The prompt 106 may include the prompt 106 described above with respect to FIG. 1. The prompt 106 can be transmitted to the reverse diffusion model 220 to influence the generation of the output image 222. The reverse diffusion model 220 may generate a prompt embedding using a text encoder and use the prompt embedding to influence the generation of the output image 222. In certain embodiments, the prompt 106 may be transmitted to a text encoder to generate the prompt embedding before the prompt embedding is transmitted to the reverse diffusion model 220.

The garment image 102 may include the garment image 102 described above with respect to FIG. 1. The garment image 102 may be transmitted to the adapter system 214.

The depth estimation system 202 may generate a depth indication (e.g., a depth map). The depth indication may represent the depth of the subject represented by the subject image 104. The depth indication may indicate the depth represented by one or more pixels of the subject image 104. The depth estimation system 202 may include a depth estimation model (e.g., monocular depth estimation (MDE), Fast Monocular Depth Estimation with Flow Matching (DepthFM), etc.) that can generate the depth map 204 based on the subject image 104. The depth map 204 may represent spatial geometry and three-dimensional structure of the subject depicted in the subject image 104. The depth map 204 can provide pixel-level information about the relative distances and contours of various regions represented within the subject image 104, such as a torso of the subject, arms of the subject, or other parts of the subject. The depth map 204 enables representation of a three-dimensional (3D) structure of the subject and enables guidance of the placement and blending of the garment image 102 onto the subject. The depth map 204 can enable the garment applied to the subject image 104 to conform to the contours and perspective of the subject (e.g., applied in a manner that conforms with the subject's physical dimensions and orientation). The depth estimation system 202 may transmit the depth indication to the depth network 206.

The depth network 206 may receive the depth indication from the depth estimation system 202. The depth network 206 may include a neural network. The depth network 206 may include a ControlNet. The depth network 206 can enable the reverse diffusion model 220 to be guided.

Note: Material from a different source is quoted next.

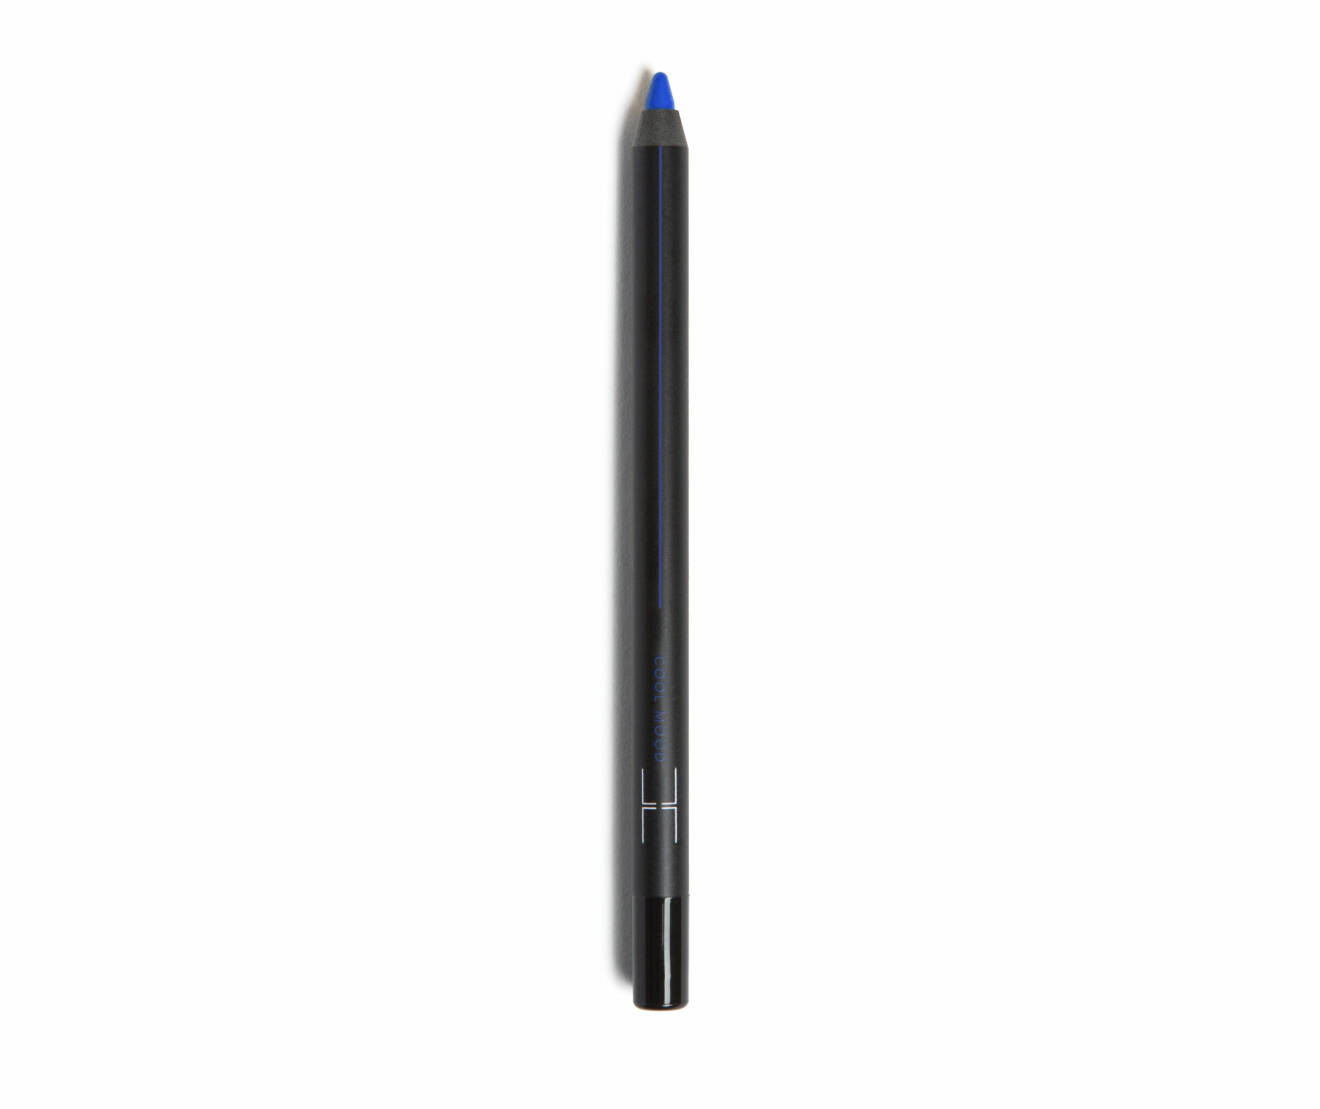 Crayon i blått från LH Cosmetics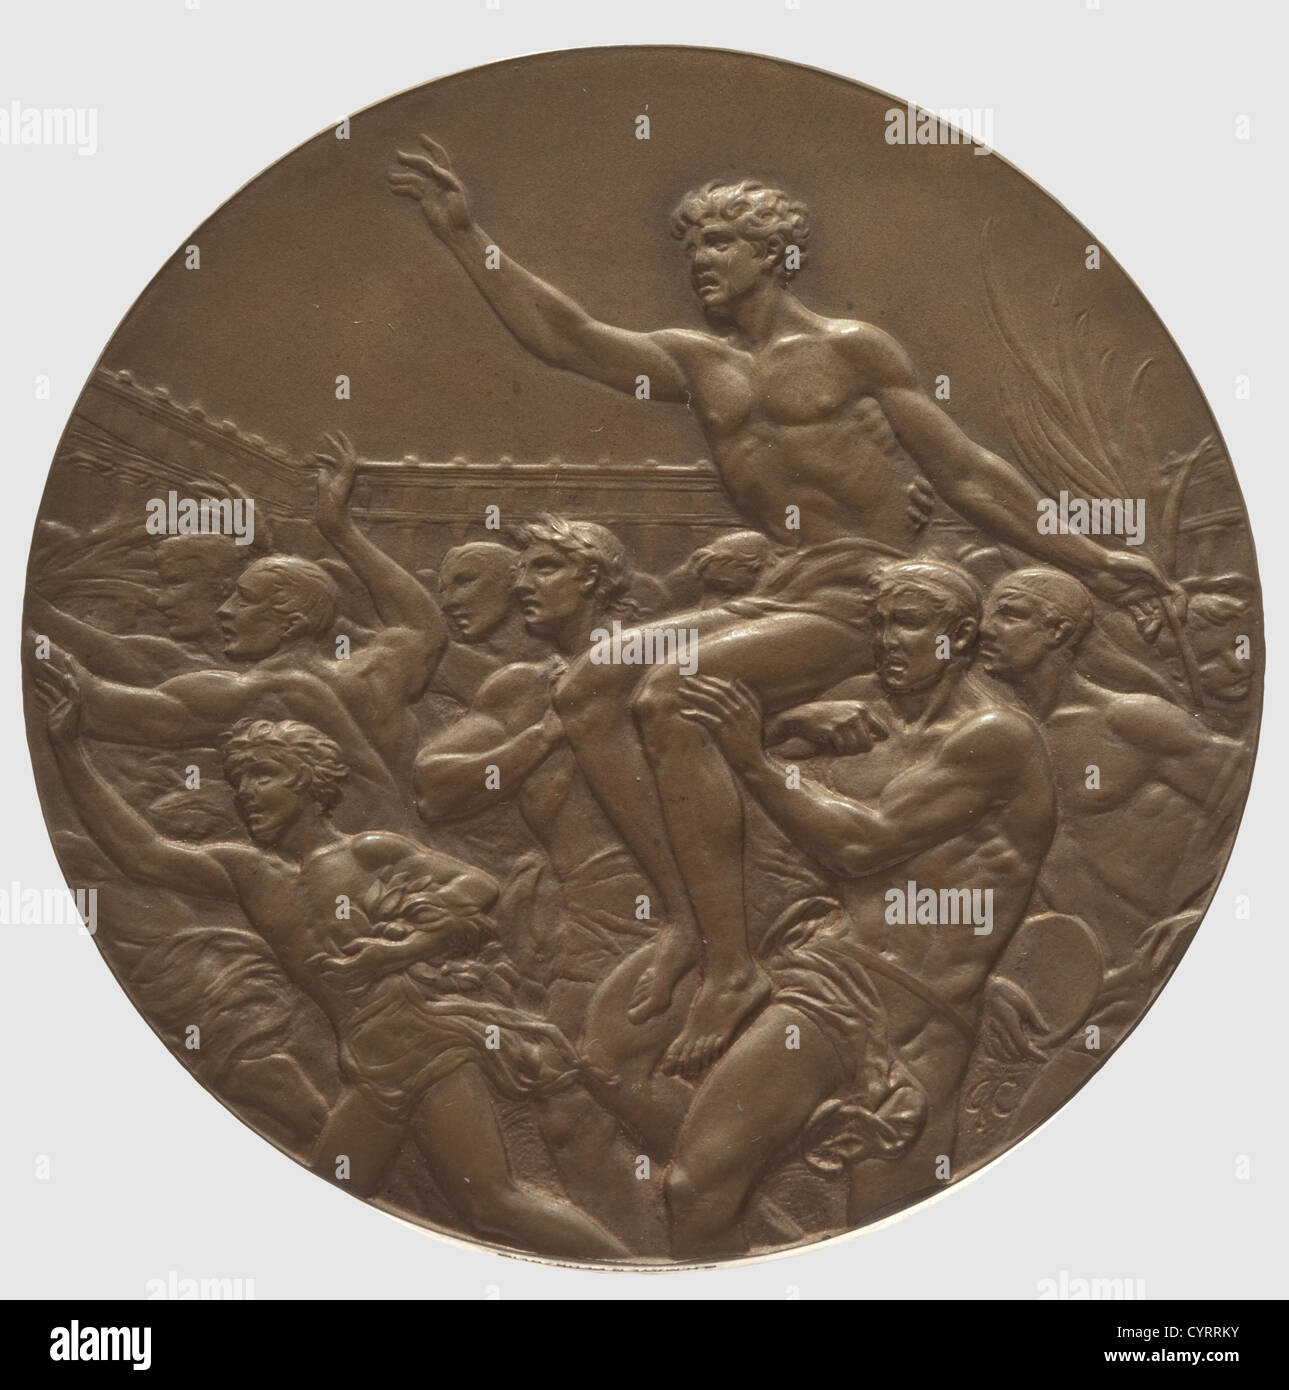 Käthe Krauss(1906 - 1970), une médaille de bronze en cas des Jeux Olympiques de 1936, télégrammes de félicitations et documents de récompense Médaille de bronze XI OLYMPIADE BERLIN 1936',diamètre 55 mm,poids 77.5 g,inverse signé 'GC' pour le graveur Giuseppe Cassioli,le bord inscrit 'B. M. MAYER PFORZHEIM', dans un étui marron avec garniture de méandre noire, estampée or, la couverture avec la cloche olympique et l'inscription en lettres 'ICH rufe die Jugend der Welt' (je fais appel aux jeunes du monde), le boîtier doublé de velours beige et de soie, légèrement fendu. Avec le représentant,grand format a,droits-supplémentaires-Clearences-non disponible Banque D'Images

The depth network 206 can generate control signals (e.g., depth conditioning) that can influence the behavior and output of the reverse diffusion model 220. The depth network 206 may generate depth conditioning 208 based on the depth indication. The depth conditioning 208 may include a high dimensionality (e.g., embedded) representation of the depth indication. The depth network 206 can use the depth indication to influence generation of the output image 222 by providing detailed spatial or structural relationships represented by depth conditioning 208.

The depth conditioning 208 can enable the diffusion model 220 to align the garment with the subject's pose, account for occlusions, and/or maintain proper shading and perspective. The depth conditioning 208 can enable a more realistic depiction of the garment on the subject (e.g., with natural transitions and consistent visual output, even when the model is depicted at complex angles or in dynamic poses). The depth conditioning 208 can be transmitted from the depth network 206 to the reverse diffusion model 220. The depth conditioning 208 may be represented by an embedding (e.g., in a vector space).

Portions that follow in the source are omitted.